The episode features interviews with: Inouye’s son, Ken Inouye; Inouye’s fomer chief of staff, Jennifer Sabas; longtime friend and colleague Jeff Watanabe, J.D.; and Robert Stodden, Ph.D., Founder of the Center on Disability Studies at University of Hawai‘i at Mānoa. All of them speak about Inouye’s complicated relationship to disability and his refusal to be pigeonholed as someone with a “dis.” Inouye’s self-identity comes into focus as generational definitions break down and ultimately reveal that in all parts of his life, Inouye lived as a person who was always “equal to.”

About Renegades

Renegades is a series of five 12-minute short films showcasing the lives of diverse, lesser-known historical figures with disabilities, exploring not only their impact on and contributions to U.S. society, but also the concept of disability culture, which honors the uniqueness of disability. Hosted and narrated by the musician and disability rights advocate Lachi, who is blind, and created and produced by a team of D/deaf and disabled filmmakers, the series is designed to increase public knowledge of disability history, and encourage cross-cultural understanding between non-disabled people and those with disabilities – who make up 1 in 4 adults in America today.

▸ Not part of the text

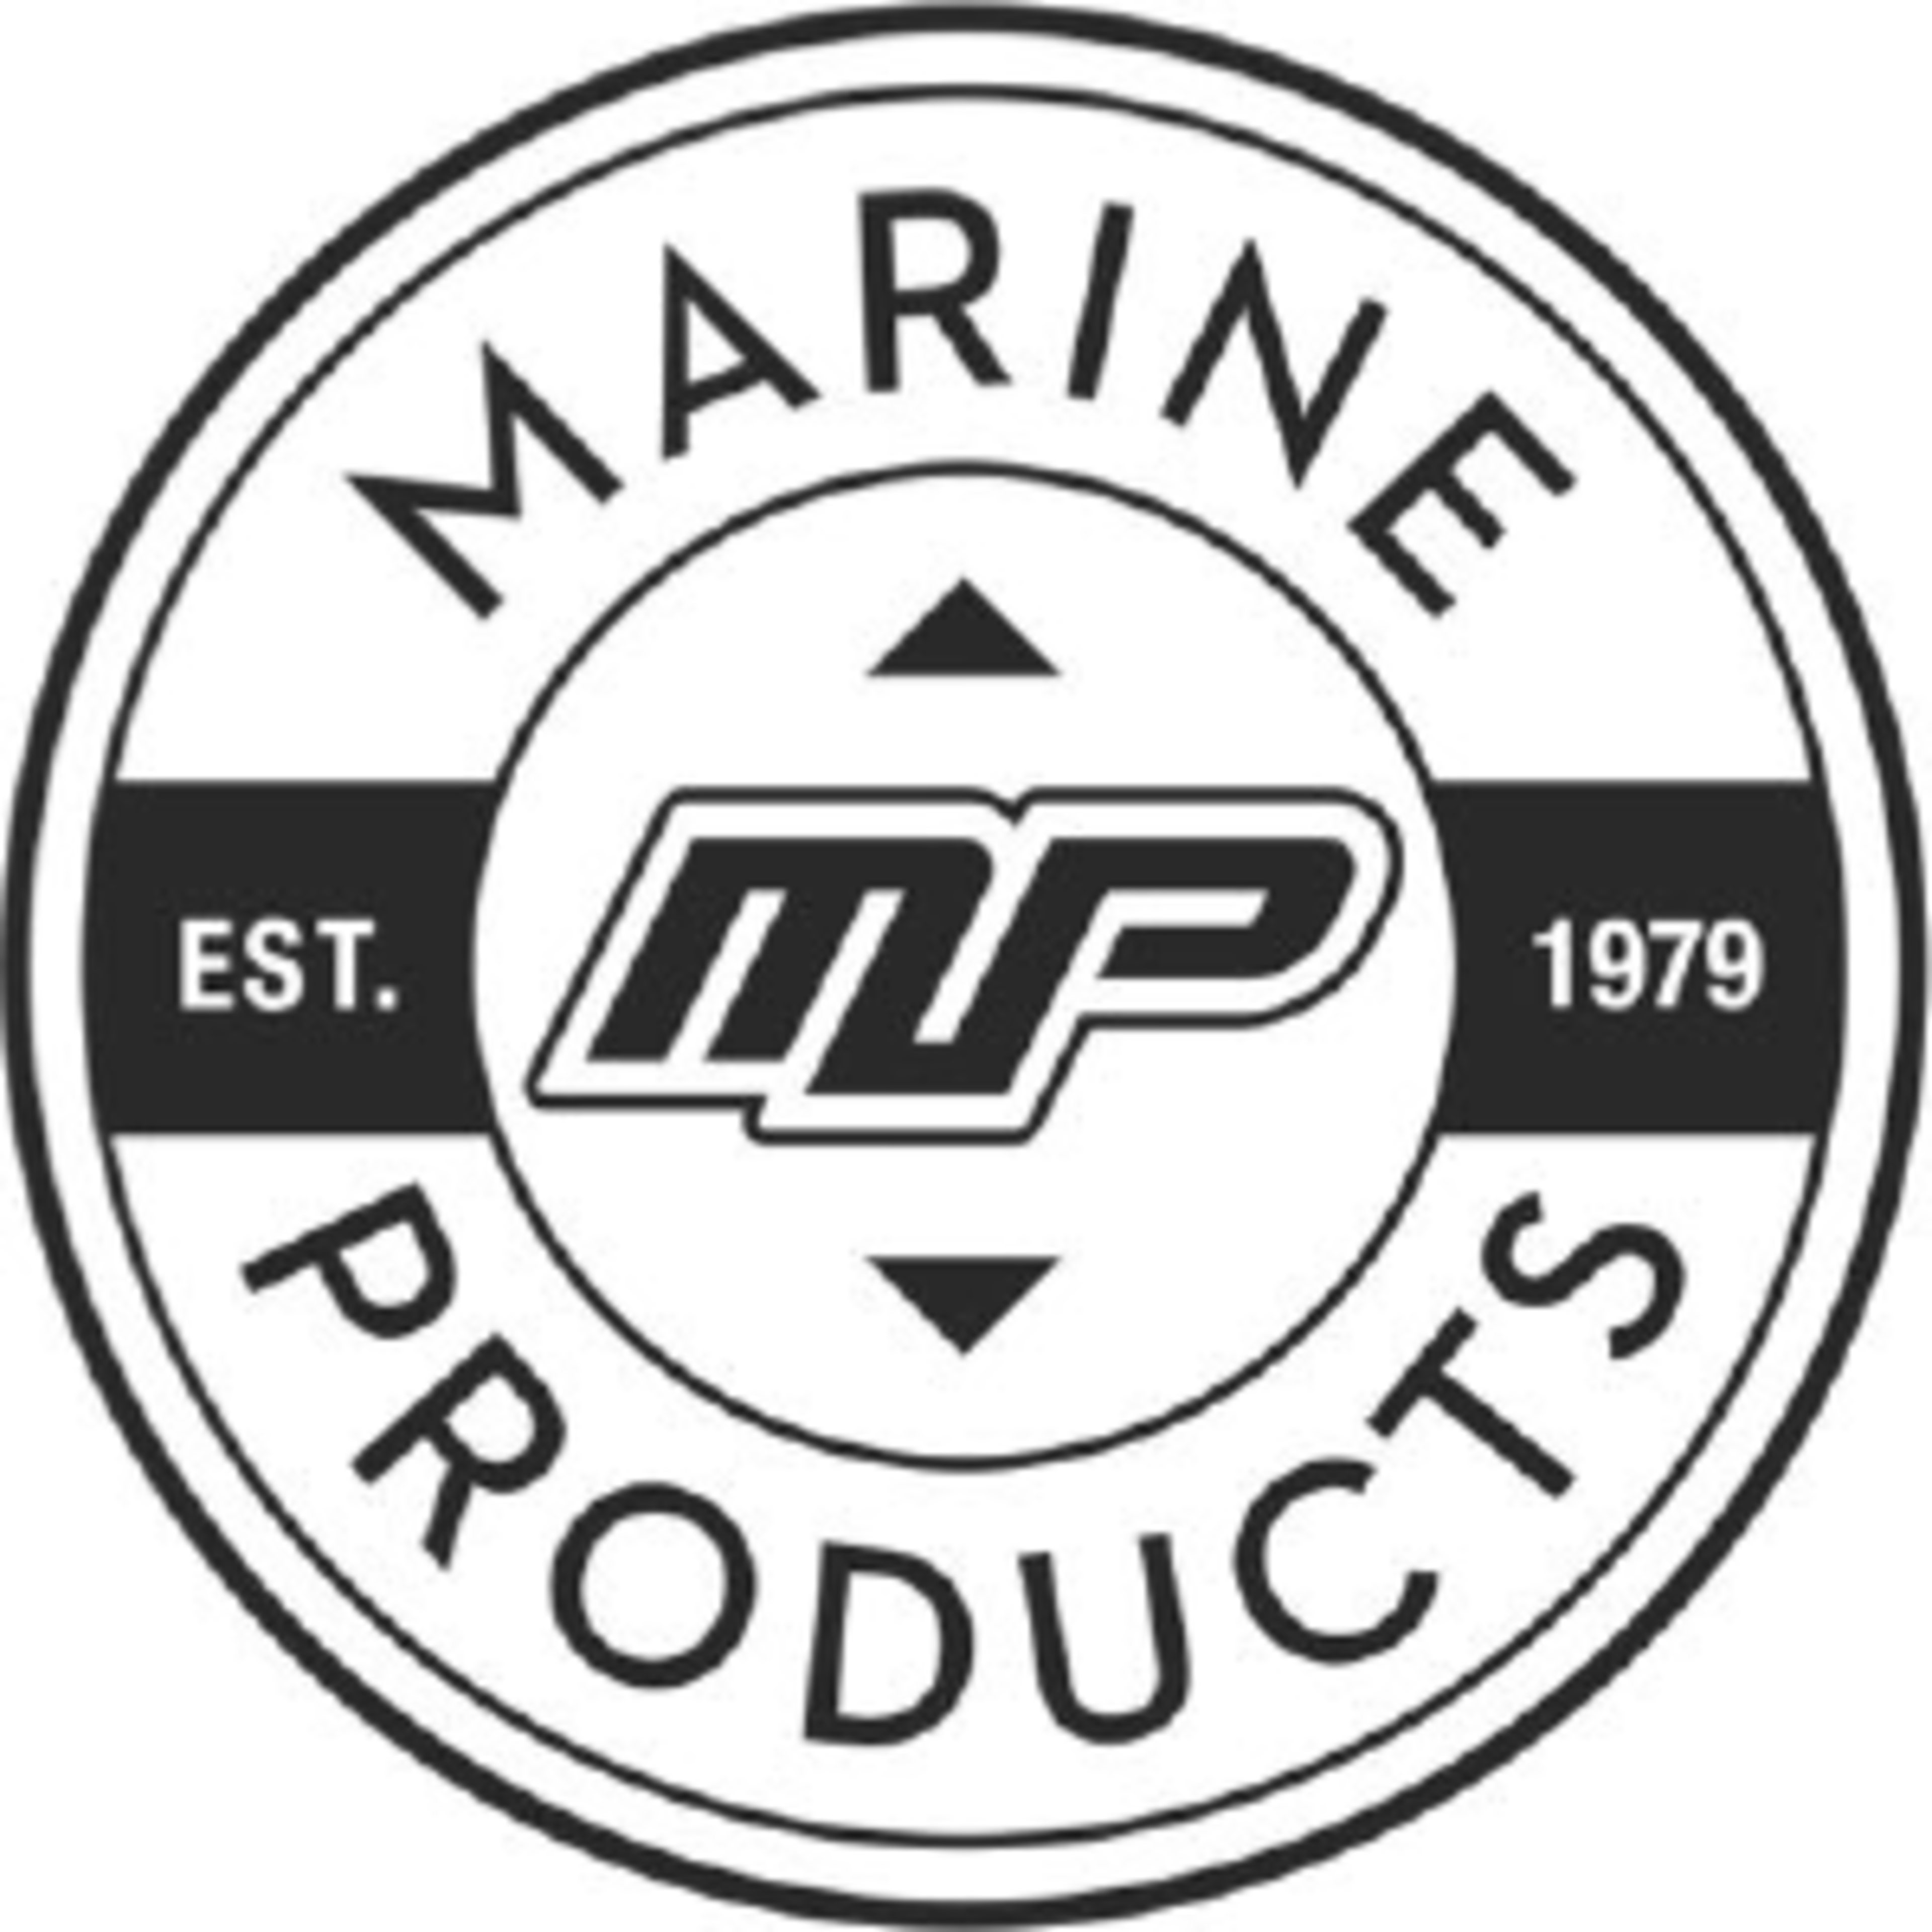 Marine Products Code

Infused with the spirit of the disability movement’s mantra, “Nothing About Us Without Us,” Renegades places a focus on authentic storytelling, with a cast and crew composed almost entirely of disabled people, and a talent incubator model of filmmaking to mentor emerging directors, producers, writers, cinematographers, and editors with disabilities.

About the filmmakers

Tammy “TS” Botkin is the writer, director and producer of Renegades: Daniel K. Inouye. Her feature directorial debut is the Better Angels Lavine Fellow documentary, A Long March, which she created with a diverse crew under the guidance of the Filipino American community and broadcasted nationally in April 2024 via PBS member stations. She also co-produced the award-winning documentaries Her Turf (2018, pilot) and Mary Janes: The Women of Weed (2017, feature). A member of the Lenape Nation of Pennsylvania, Botkin’s Indigenous writing has garnered recognition at Austin Film Festival (2016) and Atlanta Film Festival (2018). As a staunch supporter of diverse voices, she currently serves on the board of Women in Film and Media Colorado and volunteers across communities.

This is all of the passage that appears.